Changing Web Content Consumption Patterns

By Bob | Apr 13, 2008

Just as everyone online starts to figure out how to create really cool web content mashups, the web is taking off in a whole new direction. Websites like Indeed.com that aggregate content from other sites that will let them (Craigslist won’t) have been all the rage for the last few years.

This has been due in part to the fact that search engines like Google, while they are much better than they were a few years ago, lack the ability to organize information in ways that satisfy entrepreneurs like myself.

The initial backlash against this movement toward aggregation of content was based on pre-web notions of content ownership. While some of these notions are a bit draconian (i.e. laws that could potentially outlaw individuals from xeroxing a page from a book vs. buying the whole book), they also serve to protect us from those who seek to the content of others and then re-publish it (for profit or personal gain) without crediting the content creator in full or at all.
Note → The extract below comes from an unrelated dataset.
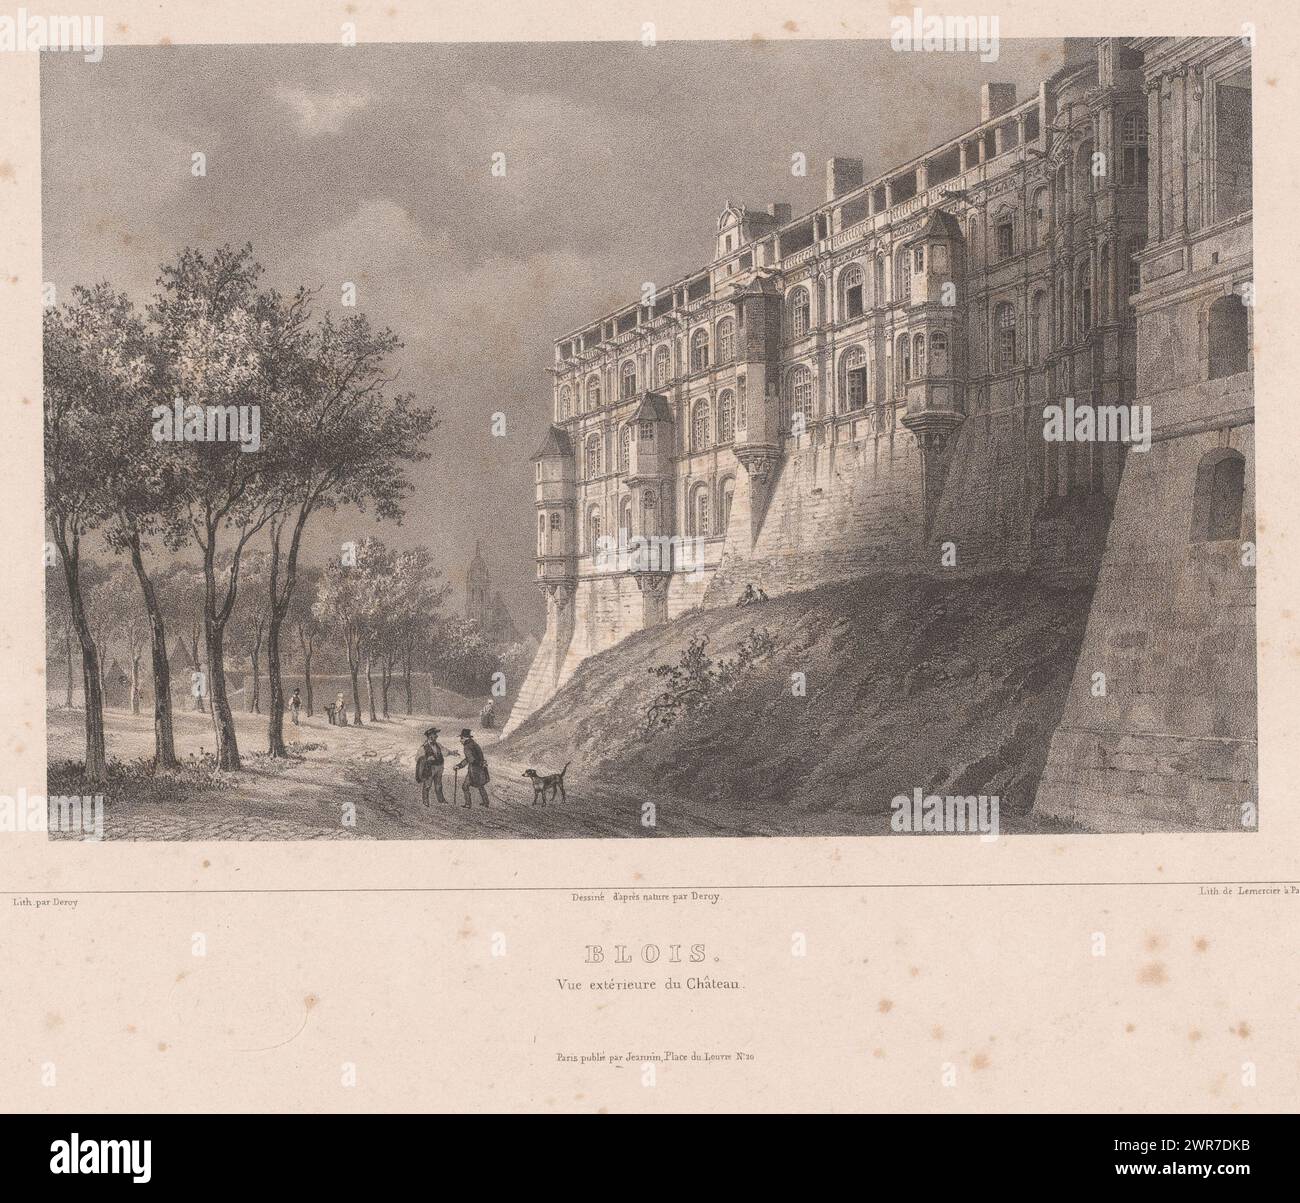 View of the facade with the lodges of the castle of Blois, Blois. Vue extérieure du Château (title on object), Sights in France (series title), La France (series title on object), print maker: Isodore-Laurent Deroy, after drawing by: Isodore-Laurent Deroy, printer: Benard Lemercier & Cie, print maker: Paris, after drawing by: Blois, printer: Paris, publisher: Paris, 1834, paper, height 289 mm × width 433 mm, print Stock Photo

On several occasions I’ve called out other bloggers (including a few who had way more readers than I) for copying my content and essentially taking 100% credit for my words. In short, changing one or two words in an article and then slapping your name to it doesn’t make it yours.
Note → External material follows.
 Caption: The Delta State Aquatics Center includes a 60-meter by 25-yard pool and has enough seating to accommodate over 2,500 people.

A part of the problem is that publishers, large and small, can’t be everywhere all the time. On top of this, the volume of content online and the distribution channels for it are proliferating at a faster rate than ever before. This represents both a challenge and an opportunity. I’ll talk about the challenge and reserve the opportunity for a future post.

The challenge presents itself as the proverbial fork in the road for us:

The first path is to continue thinking about the web as a one on one theater. In this way, we are thinking about how we write to the people who visit our website. We are not considering what happens if someone picks up our content and the changes it or re-publishes it elsewhere. We can continue to fight the offenders and send them cease and desist letters until we run out of time to be creative at all.
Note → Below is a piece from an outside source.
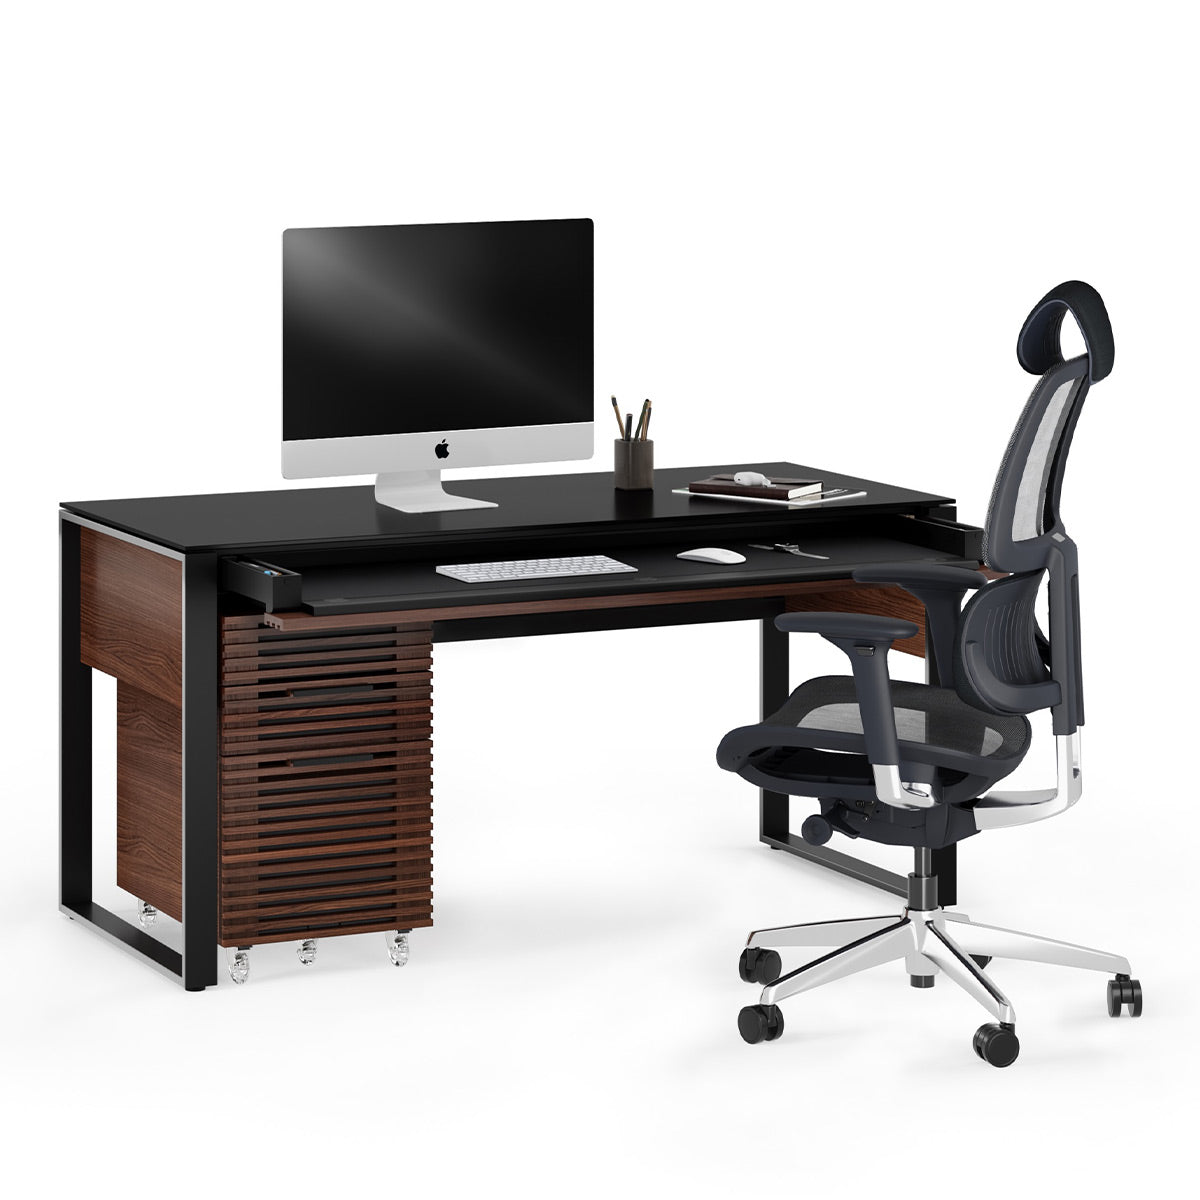 BDI Corridor 6501 Desk with Keyboard Drawer (Chocolate Stained Walnut)

The second path, and the one that I think is better, is to start thinking about the web as an echo chamber for us to use to start discussions that may continue on beyond our immediate audience. In this model of the web, individual publishers are still creating content publicly, but they are doing so in such a way that the conversation evolves along the way. The difference is that the content creator expects, rather than frets, that the message will be modified.

While it may seem like the messengers on down the line may be taking advantage of the initial content provider, appearances may be a bit deceiving. The messengers who are borrowing content are in effect becoming distribution channels in their own right without even realizing it.

For example, if you copied a page out of a book for a research paper and then paraphrased it in an essay that you wrote then you probably talked about what you read with someone later. You might have even gone back to that initial source later, but for future content. The same applies to blogs.

What this means for publishers, myself included, is that we need to be thinking about the different sorts of permutations that our content may undergo after it leaves our immediate audiences. I say this with caution, largely because I want to underscore that once you go down the second path that I’m recommending today, because you may find that you are going to want to throw out quite a few of your ways.

I have lived this second path for a little over a year now, and I can definitely say that it has changed my perspective and my business. I was able to transform how I did business before and have to admit that I do not want to go back.